Data:
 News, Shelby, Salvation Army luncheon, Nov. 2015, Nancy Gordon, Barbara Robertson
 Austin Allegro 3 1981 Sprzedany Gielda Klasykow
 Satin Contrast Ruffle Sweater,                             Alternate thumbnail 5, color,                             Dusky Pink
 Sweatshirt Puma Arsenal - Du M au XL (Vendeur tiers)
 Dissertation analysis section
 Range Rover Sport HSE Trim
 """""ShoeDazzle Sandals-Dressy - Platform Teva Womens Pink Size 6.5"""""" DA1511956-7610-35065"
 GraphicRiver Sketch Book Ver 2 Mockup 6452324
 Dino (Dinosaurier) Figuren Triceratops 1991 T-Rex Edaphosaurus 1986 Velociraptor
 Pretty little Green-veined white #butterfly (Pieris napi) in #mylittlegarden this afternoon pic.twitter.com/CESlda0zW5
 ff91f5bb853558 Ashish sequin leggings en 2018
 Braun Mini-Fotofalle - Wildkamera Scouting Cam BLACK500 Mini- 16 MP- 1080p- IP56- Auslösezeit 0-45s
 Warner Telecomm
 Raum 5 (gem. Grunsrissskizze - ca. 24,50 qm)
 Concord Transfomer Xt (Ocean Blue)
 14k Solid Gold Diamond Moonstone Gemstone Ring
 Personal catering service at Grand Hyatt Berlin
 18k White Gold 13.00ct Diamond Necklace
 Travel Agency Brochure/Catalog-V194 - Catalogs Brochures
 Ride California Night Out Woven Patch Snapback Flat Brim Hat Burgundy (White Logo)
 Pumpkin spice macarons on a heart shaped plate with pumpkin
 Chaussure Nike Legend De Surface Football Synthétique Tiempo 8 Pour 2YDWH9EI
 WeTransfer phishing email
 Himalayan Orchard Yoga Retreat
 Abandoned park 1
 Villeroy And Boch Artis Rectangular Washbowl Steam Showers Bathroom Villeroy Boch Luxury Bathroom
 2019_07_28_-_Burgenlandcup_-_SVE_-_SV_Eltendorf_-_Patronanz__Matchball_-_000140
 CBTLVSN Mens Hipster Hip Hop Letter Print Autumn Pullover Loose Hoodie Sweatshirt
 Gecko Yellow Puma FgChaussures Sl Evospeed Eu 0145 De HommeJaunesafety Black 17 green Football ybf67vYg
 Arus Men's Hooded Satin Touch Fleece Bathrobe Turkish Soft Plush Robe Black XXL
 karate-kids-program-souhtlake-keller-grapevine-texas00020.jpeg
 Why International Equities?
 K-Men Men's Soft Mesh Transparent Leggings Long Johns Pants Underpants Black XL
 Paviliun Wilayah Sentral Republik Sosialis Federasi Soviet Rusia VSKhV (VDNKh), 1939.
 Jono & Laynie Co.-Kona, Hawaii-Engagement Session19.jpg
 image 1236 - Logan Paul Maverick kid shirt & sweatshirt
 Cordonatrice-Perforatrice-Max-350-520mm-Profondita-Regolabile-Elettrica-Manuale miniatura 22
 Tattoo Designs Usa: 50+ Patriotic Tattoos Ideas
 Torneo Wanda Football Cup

Your task:
When answering, write out each of the lines above exactly as given.

Result below:
 News, Shelby, Salvation Army luncheon, Nov. 2015, Nancy Gordon, Barbara Robertson
 Austin Allegro 3 1981 Sprzedany Gielda Klasykow
 Satin Contrast Ruffle Sweater,                             Alternate thumbnail 5, color,                             Dusky Pink
 Sweatshirt Puma Arsenal - Du M au XL (Vendeur tiers)
 Dissertation analysis section
 Range Rover Sport HSE Trim
 """""ShoeDazzle Sandals-Dressy - Platform Teva Womens Pink Size 6.5"""""" DA1511956-7610-35065"
 GraphicRiver Sketch Book Ver 2 Mockup 6452324
 Dino (Dinosaurier) Figuren Triceratops 1991 T-Rex Edaphosaurus 1986 Velociraptor
 Pretty little Green-veined white #butterfly (Pieris napi) in #mylittlegarden this afternoon pic.twitter.com/CESlda0zW5
 ff91f5bb853558 Ashish sequin leggings en 2018
 Braun Mini-Fotofalle - Wildkamera Scouting Cam BLACK500 Mini- 16 MP- 1080p- IP56- Auslösezeit 0-45s
 Warner Telecomm
 Raum 5 (gem. Grunsrissskizze - ca. 24,50 qm)
 Concord Transfomer Xt (Ocean Blue)
 14k Solid Gold Diamond Moonstone Gemstone Ring
 Personal catering service at Grand Hyatt Berlin
 18k White Gold 13.00ct Diamond Necklace
 Travel Agency Brochure/Catalog-V194 - Catalogs Brochures
 Ride California Night Out Woven Patch Snapback Flat Brim Hat Burgundy (White Logo)
 Pumpkin spice macarons on a heart shaped plate with pumpkin
 Chaussure Nike Legend De Surface Football Synthétique Tiempo 8 Pour 2YDWH9EI
 WeTransfer phishing email
 Himalayan Orchard Yoga Retreat
 Abandoned park 1
 Villeroy And Boch Artis Rectangular Washbowl Steam Showers Bathroom Villeroy Boch Luxury Bathroom
 2019_07_28_-_Burgenlandcup_-_SVE_-_SV_Eltendorf_-_Patronanz__Matchball_-_000140
 CBTLVSN Mens Hipster Hip Hop Letter Print Autumn Pullover Loose Hoodie Sweatshirt
 Gecko Yellow Puma FgChaussures Sl Evospeed Eu 0145 De HommeJaunesafety Black 17 green Football ybf67vYg
 Arus Men's Hooded Satin Touch Fleece Bathrobe Turkish Soft Plush Robe Black XXL
 karate-kids-program-souhtlake-keller-grapevine-texas00020.jpeg
 Why International Equities?
 K-Men Men's Soft Mesh Transparent Leggings Long Johns Pants Underpants Black XL
 Paviliun Wilayah Sentral Republik Sosialis Federasi Soviet Rusia VSKhV (VDNKh), 1939.
 Jono & Laynie Co.-Kona, Hawaii-Engagement Session19.jpg
 image 1236 - Logan Paul Maverick kid shirt & sweatshirt
 Cordonatrice-Perforatrice-Max-350-520mm-Profondita-Regolabile-Elettrica-Manuale miniatura 22
 Tattoo Designs Usa: 50+ Patriotic Tattoos Ideas
 Torneo Wanda Football Cup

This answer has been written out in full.